Why didn’t we just keep to our local monthly meetings? Because isolated groups, just like isolated individuals, will eventually drift apart culturally and theologically. If we only know the Friends in our local meeting and no one else, we will naturally start to lose our connection to the wider Religious Society of Friends. And we did believe ourselves to be a Society. We did believe there were things God would lead us to do. All of us. As a Society.

(Do we still believe there are things God will lead us to do? All of us? As a Society?)

We did not go to sleep one night with groups of people who worshipped together and wake up the following morning with interconnected institutions. The transition didn’t happen that way. But we codified a few behaviors, named some functions, established some rules…years later, wrote some of these codifications down as Books of Discipline…years later, became legal entities…years later, some of us hired staff…

There’s no question these days that our various meetings and umbrella organizations are institutions, with the possible exception of a few of our smallest local groups, some of which have no legal status or handbooks or property. And it’s okay to be institutions. Institutions are important. They perpetuate patterns, and without them, we have to reinvent our processes every time. That takes way too much spiritual energy.

But our institutions get out of control when too many of us forget that they are also covenant communities.

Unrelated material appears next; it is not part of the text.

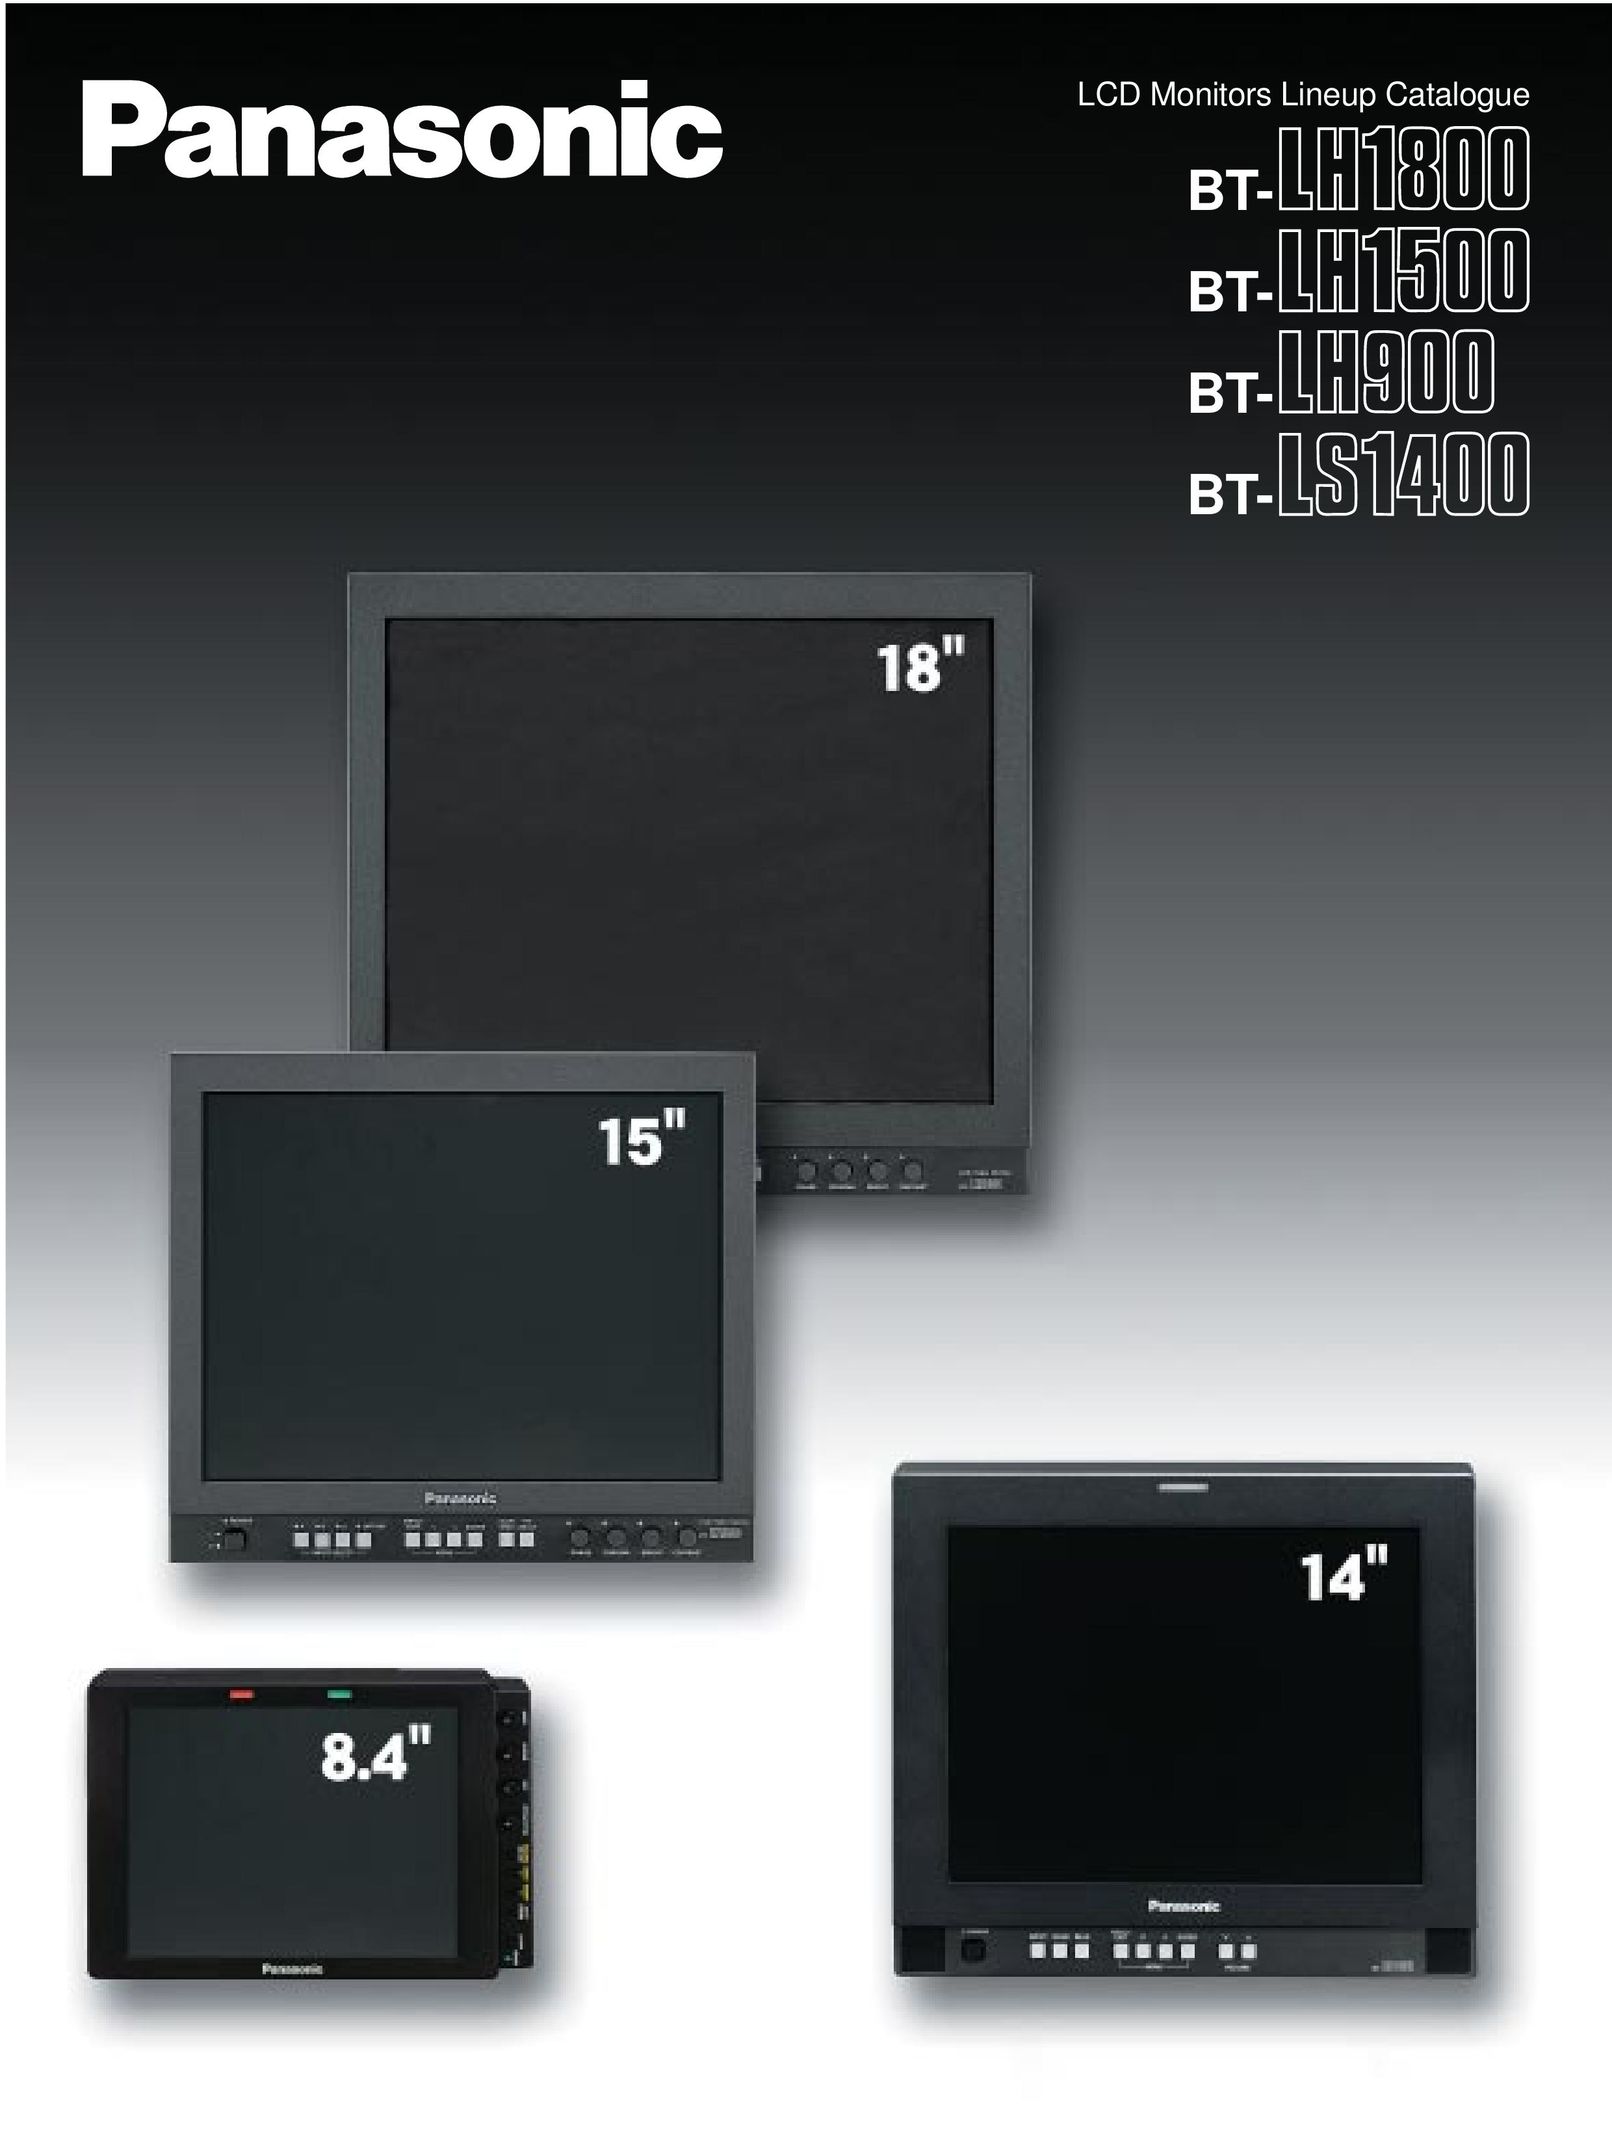 Panasonic BT-LH1800 Computer Monitor User Manual

My quarterly meeting is not a thing over there. It is a group of people with whom I’ve entered a relationship of mutual care and accountability. My yearly meeting isn’t a nonprofit that does things. It is a group of people with whom I’ve entered a relationship of mutual care and accountability. The umbrella organization isn’t an abstract distant establishment. It is a group of people with whom I’ve entered a relationship of mutual care and accountability.

All of us who are connected with the Religious Society of Friends are in at least one, probably several, of these covenant relationships. That is part of the definition of being a Quaker. And we can forget, or decline to remember, these relationships in a couple of ways. Those of us who are less involved in one institution or another might say, that other group has nothing to do with me. Those of us who are deeply involved and emotionally invested might say, those other people clearly don’t know or care what we’re doing on their behalf.

I’m not, here, implying that everybody must be involved in everything, nor trying to make any of us feel guilty. I’ll talk more about all of this in future entries. But when our institutions fail to support God’s purposes, it is often because we’ve stopped treating them as though they are covenant communities. It can help us a lot to dig down to our theological roots: Christ Jesus has come to teach His people for Himself, and we listen better together than separately.